Выбрать главу

Во всяком случае, цифра “четыре” в поэме значима и не предвещает ничего хорошего. Заметим для полноты картины, что в фольклоре вообще появление четного количества героев навстречу — дурной знак. Пунктуальности ради нужно добавить, что в поэме есть еще “четвертый тупик” (Ерофеев, стр. 42), четвертинка водки (упоминается множество раз), четвертый день, замыкающий вермутом цикл питья (там же, стр. 51), четверть часа, за которые “совершилось распятие” героя при снятии с должности бригадира (там же, стр. 54), четвертый, последний стакан лимонной (там же, стр. 60), четверг, в который герой каждую неделю выпивал три с половиной литра ерша и думал о возможной смерти от оного количества (там же, стр. 68), четвертый позвонок (там же, стр. 103), четвертое письмо Гомулке (там же, стр. 108), “каждая четвертая изнасилованная” (там же, стр. 119), четвертая, но не последняя загадка (там же, стр. 120) и обещание удавиться в один из четвергов (там же, стр. 130). Что касается других цифр, то в поэме упоминаются, к примеру, пять рублей, пятьдесят копеек, пять минут, пять недель, пять пальцев, пять бокалов, пять грамм, пятьдесят грамм, пять раз на день, пять глотков, пять утра, пять мгновений, за которые “убийцы” вошли в подъезд, и пять удушающих героя рук. Не хочется умножать примеры, хочется сказать очень простую вещь: в поэме вообще просто очень много цифр. Только в финальной сцене четверо приближались “по двое с двух сторон”, пять мгновений заходили в подъезд, душили пятью или шестью руками. Можно было бы написать пару страниц глубокомысленного текста о шестикрылых серафимах, пятируких великанах. Но такие вырванные из общей цифровой символики поэмы примеры не показательны. Поэтому мы затрудняемся сказать, насколько те или иные предположения исследователей обоснованны.
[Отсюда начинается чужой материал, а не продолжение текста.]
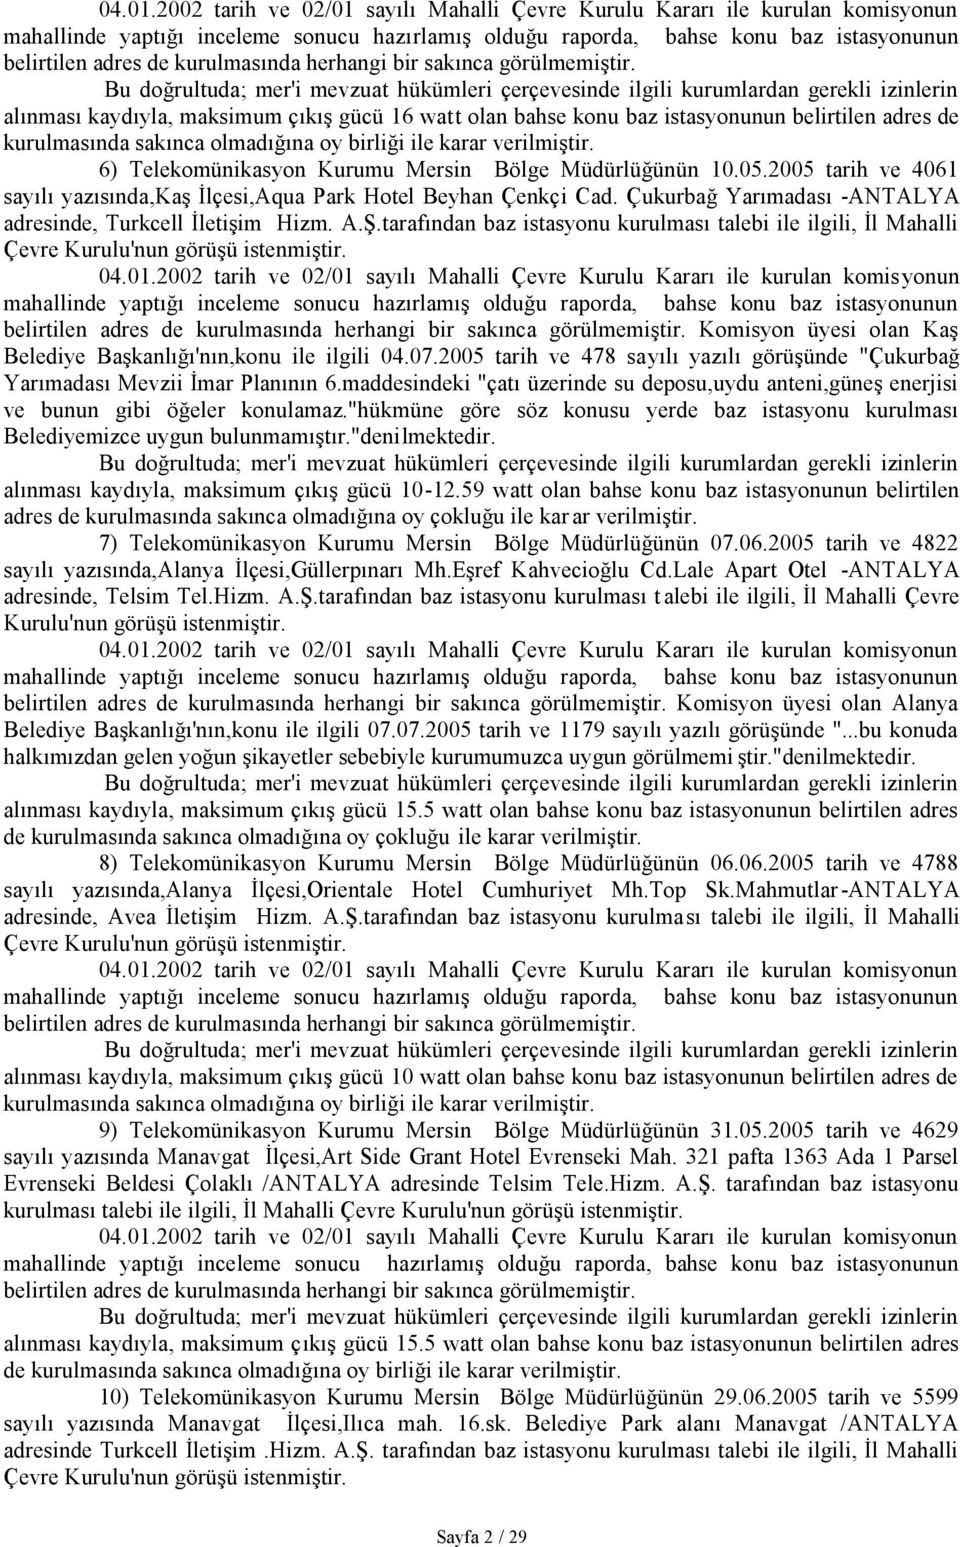 6) Telekomünikasyon Kurumu Mersin Bölge Müdürlüğünün 10.05.2005 tarih ve 4061 sayılı yazısında,kaş İlçesi,Aqua Park Hotel Beyhan Çenkçi Cad.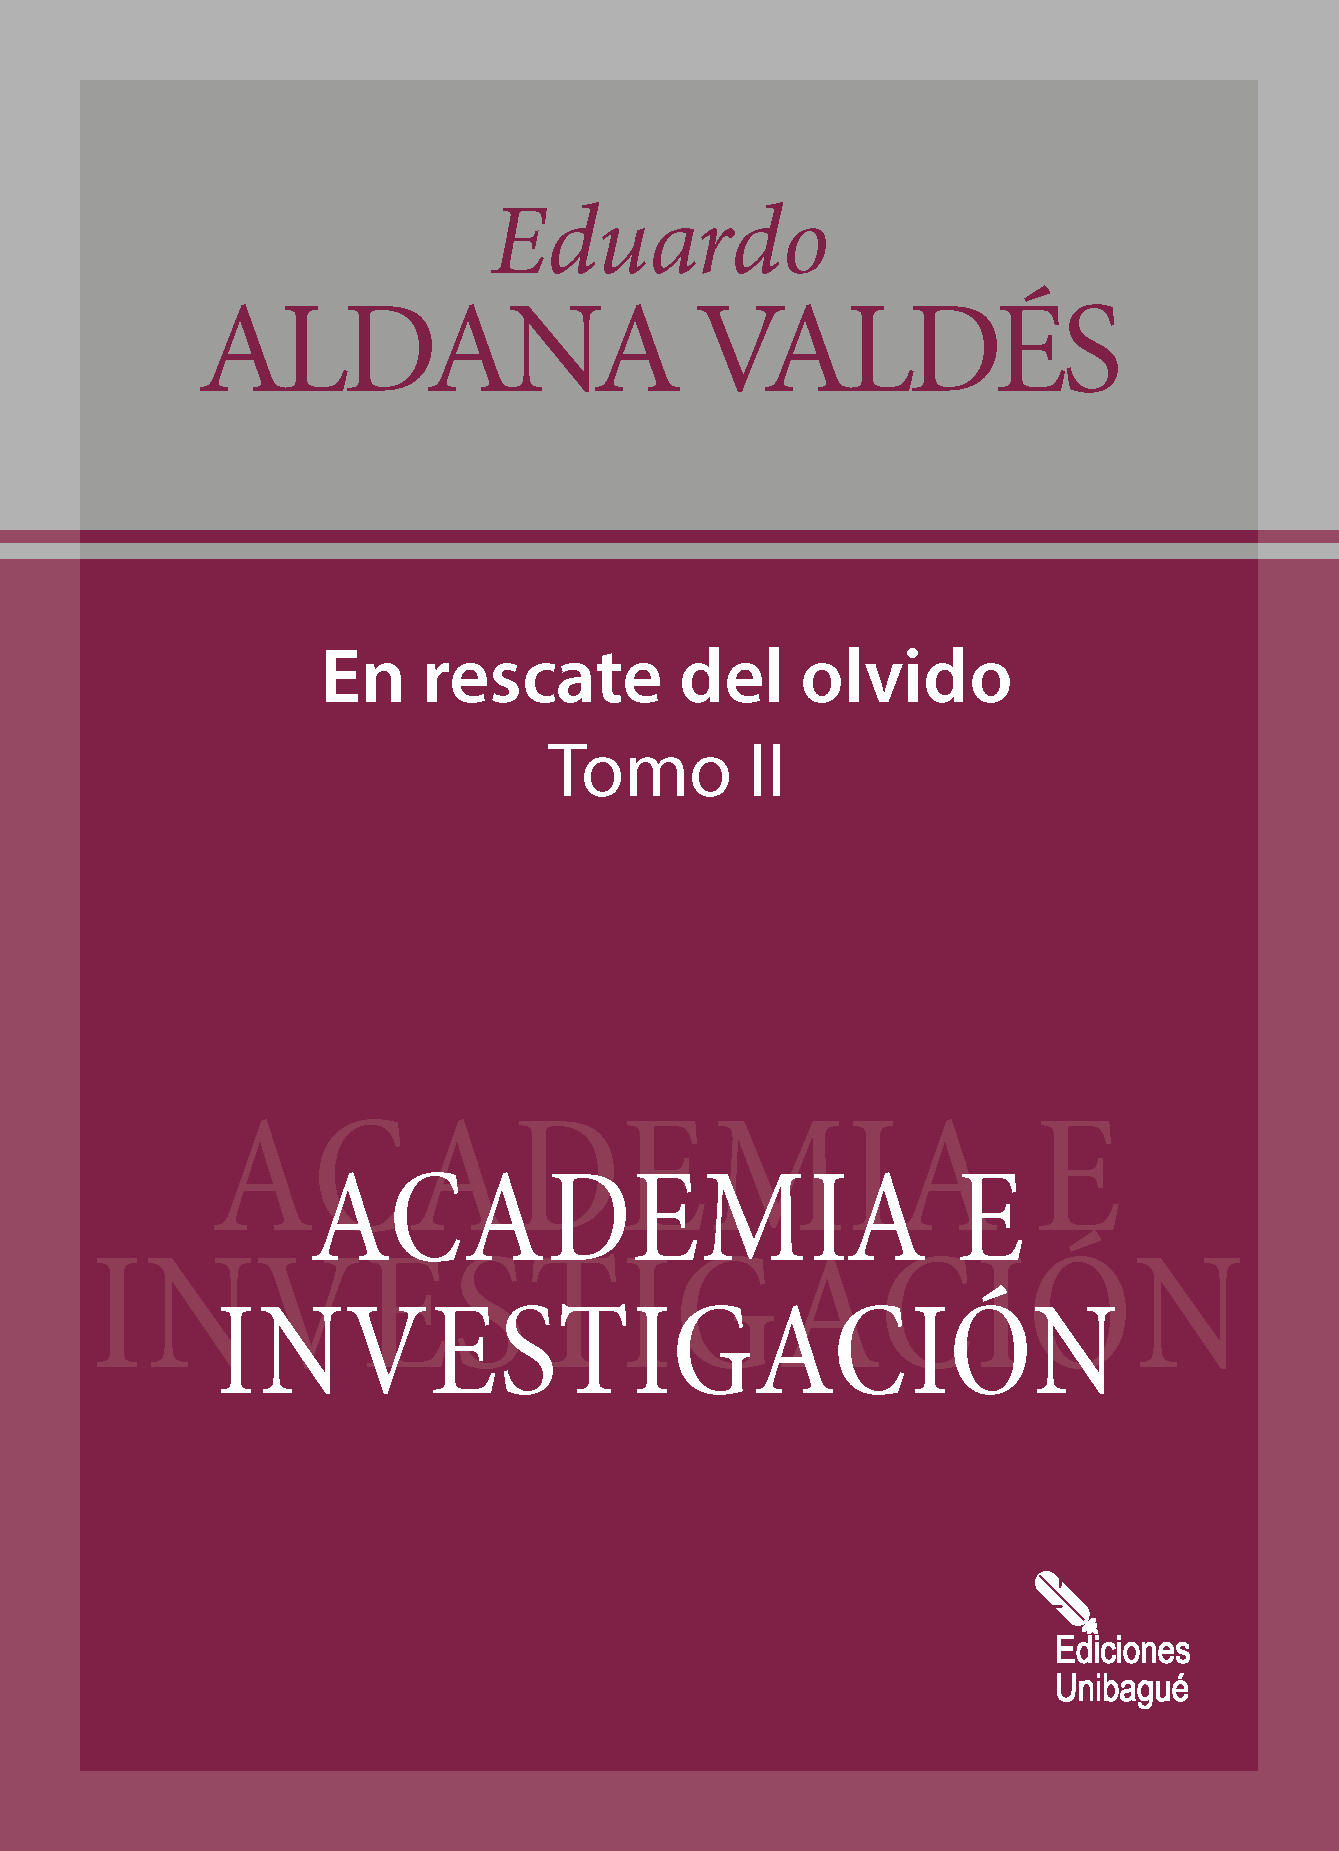 Cover of Academia e investigación

Однако интерпретации последней сцены как смерти героя, а таинственной “четверки” — как убийц основаны прежде всего на финальных словах: “вонзили шило... в самое горло”. Но “горло” героя (как и “горло” бутылки) является постоянным мотивом поэмы, прямо связанным с темой питья. В то же время последняя сцена происходит в подъезде, который в поэме является местом, где герой традиционно теряет сознание в состоянии крайней степени опьянения. При этом “убийство” героя в поэме совершается многократно и может восприниматься как пьяное сновидение, алкогольная галлюцинация. Ведь до этого “крестьянка” уже ударила главного героя “серпом по яйцам”, “рабочий” — молотом по голове, “царь Митридат” уже несколько раз вонзил в героя нож и т. п. Все эти действия не нанесли герою физического вреда. Таким образом, последнюю сцену можно интерпретировать не только как смерть героя, но и как описание бредовых видений героя в состоянии крайней степени интоксикации. В тексте поэмы речь идет именно о потере сознания в состоянии алкогольного отравления: “Веня, ты больше не помнишь ничего... сразу погрузился в тот сон, с которого начались все... бедствия... Краешком сознания... я еще запомнил, что сумел... совладать со стихиями и вырваться в пустые пространства...” (Ерофеев, стр. 105); “ни сон... ни бденье”, “как труп, в ледяной испарине” (там же, стр. 126), “вздрогнул и забился” (там же, стр. 127); “все заклубилось”, “туман”, “то лед, то пламень”, “стынет кровь”, “это лихорадка”, “жаркий туман”, “я в ознобе” (там же, стр. 128); “снова проснулся... в конвульсиях”, “весь в судорогах”, “и озноб, и жар, и лихоманка”, “снова проснулся”, “все в мне содрогалось” (там же, стр. 129); “боль, холод”, “судорог” (там же, стр. 130) и т. д. Все эти “определения” точно соответствуют реальным описаниям состояния алкогольного делирия. Если мы оставим попытки интертекстуального комментария, то рисуемая повествователем модель бредового восприятия и поведения героя позволит нам в рамках реального комментария говорить о точном соответствии этой модели реалиям жизни. Тем более, что последняя фраза поэмы: “И с тех пор я никогда не приходил в сознание...” — тоже достаточно многозначна.